Hash-based? Something else?

A good hash used to generate your partitions at ingest time should 
prevent such skew at query time.

There's a possibility to split partition range manually afger
> ingestion is complete and rely on default balancer to spread tablets
> accross cluster, however in this case some servers end up overloaded
> compared to others.
> Currently the slowest server (hosting the largest tablet) defines final
> time for search query, so I want to distribute entities accorss the
> cluster so that they are well balanced and all servers spend simillir
> amount of time processing documents though OptimizedQueryIterators.
>
> Konstantin
> --------
> Big Data / Search Consultant
> LinkedIn: linkedin.com/in/kpelykh <http://www.linkedin.com/in/kpelykh>
> Website: www.kpelykh.com <http://www.kpelykh.com>
>
> On Wed, Jul 29, 2015 at 9:18 PM, mohit.kaushik <mohit.kaushik@orkash.com
> <mailto:mohit.kaushik@orkash.com>> wrote:
>
>     If I am not getting you wrong, for this purpose, you can simply
>     pre-split tables based on range to evenly distribute data across
>     tablets.
>     https://accumulo.apache.org/1.7/accumulo_user_manual.html#_pre_splitting_tables
>
>
>
>
>     On 07/30/2015 07:46 AM, Konstantin Pelykh wrote:
>>     In this specific case, ingest happens only once.
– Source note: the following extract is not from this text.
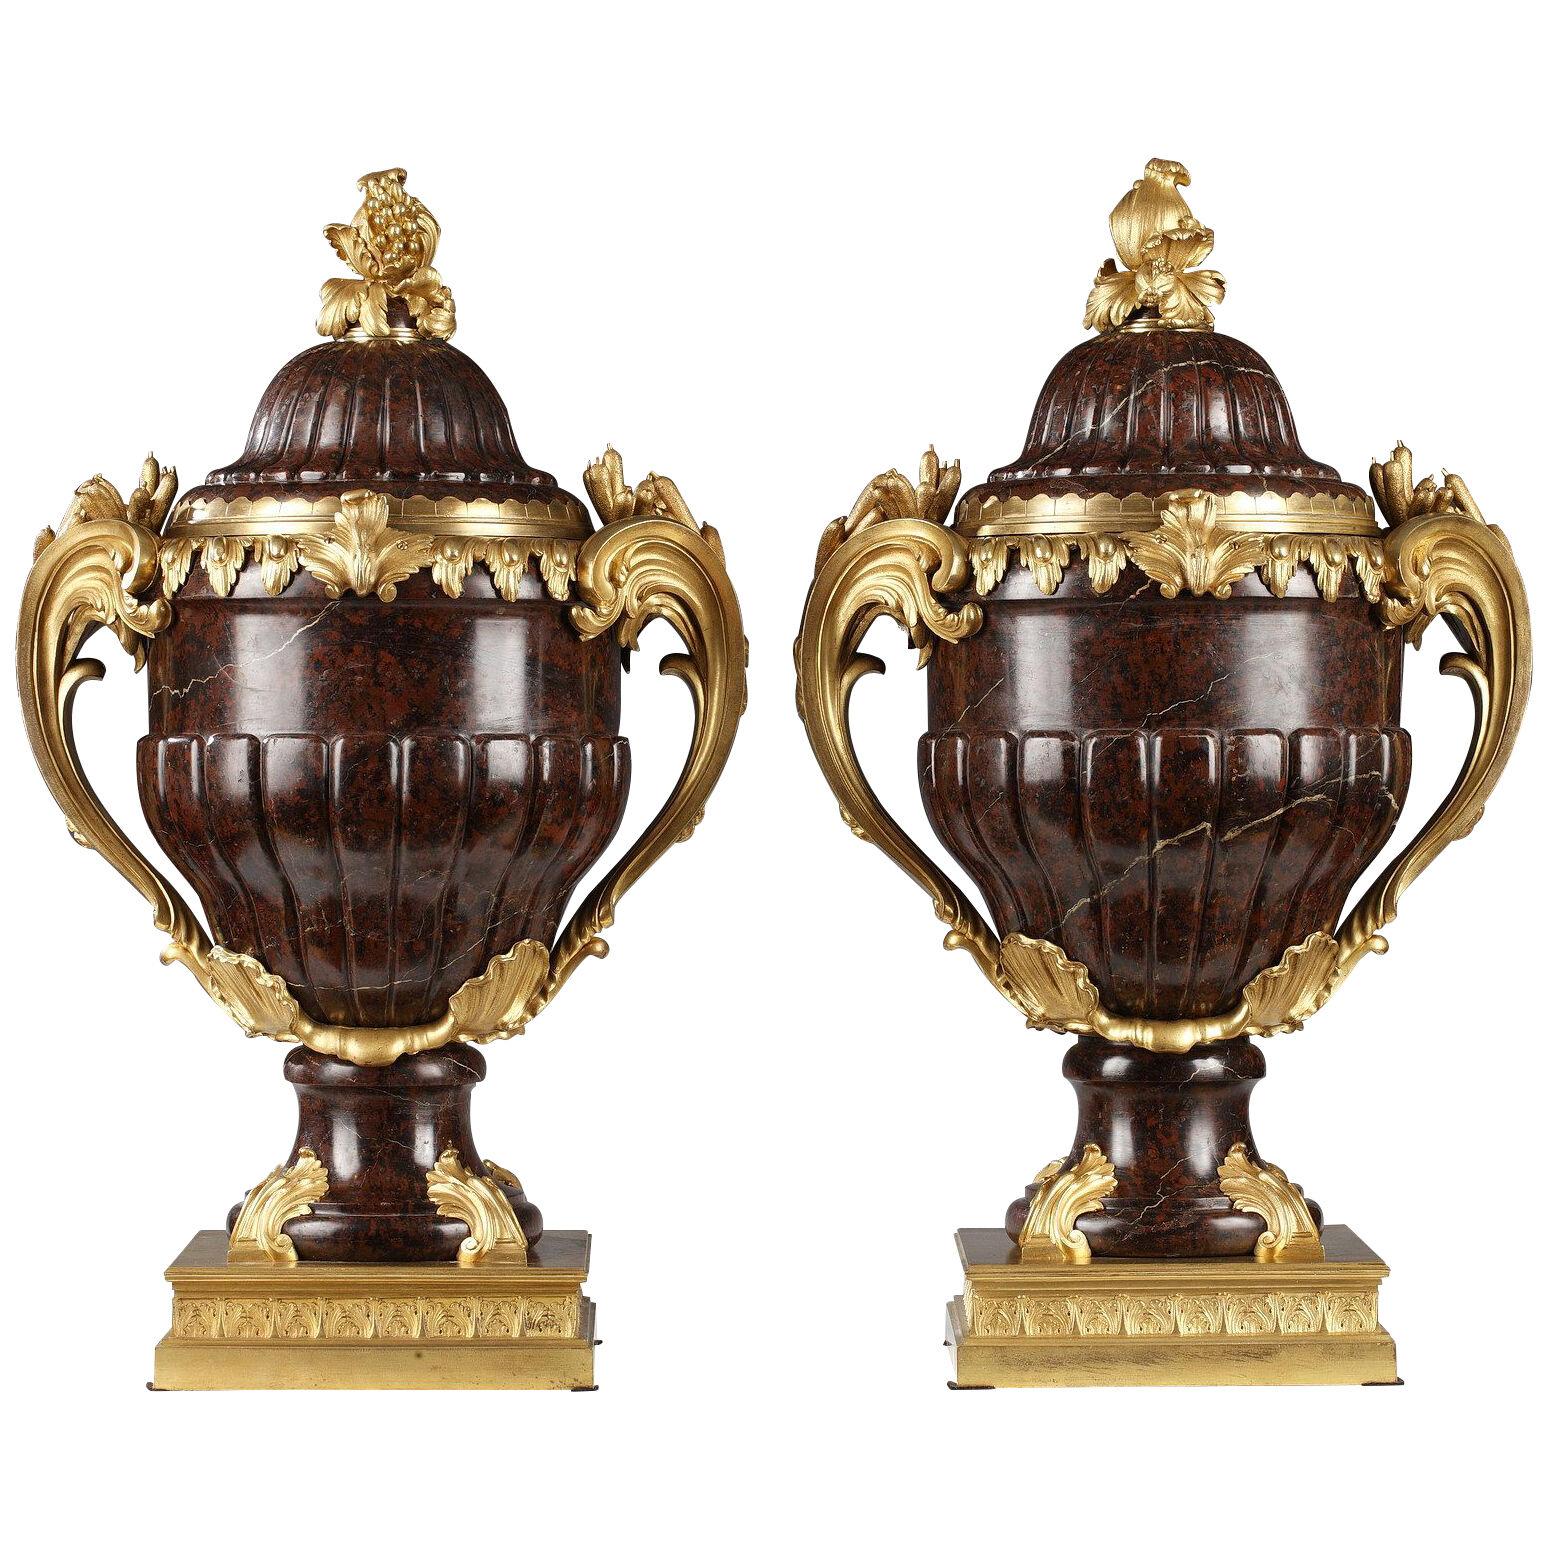 Pair of Marble Covered Vases Attributed to Maison Lexcellent, France, Circa 1890

It's write-once,
>>     read-many type of application, so with such balancer I would want
>>     to balance tablets based on number of entities after ingest is
>>     fully complete.
>>
>>     --------
>>     Big Data / Search Consultant
>>     Cell: +1 (646) 639-3916
>>     E-mail: kpelykh@gmail.com <mailto:kpelykh@gmail.com>
>>     LinkedIn: linkedin.com/in/kpelykh <http://www.linkedin.com/in/kpelykh>
>>     Website: www.kpelykh.com <http://www.kpelykh.com>
>>
>>     On Wed, Jul 29, 2015 at 6:06 PM, dlmarion <dlmarion@comcast.net
>>     <mailto:dlmarion@comcast.net>> wrote:
>>
>>         Hotspotting was the first thing that came to my mind with the
>>         proposed balancer. The fservers don't keep all the K/V in
>>         memory. You are balancing query and live ingest across your
>>         resources.
>>
>>
>>
>>
>>
>>         -------- Original message --------
>>         From: Eric Newton <eric.newton@gmail.com
>>         <mailto:eric.newton@gmail.com>>
>>         Date: 07/29/2015 8:46 PM (GMT-05:00)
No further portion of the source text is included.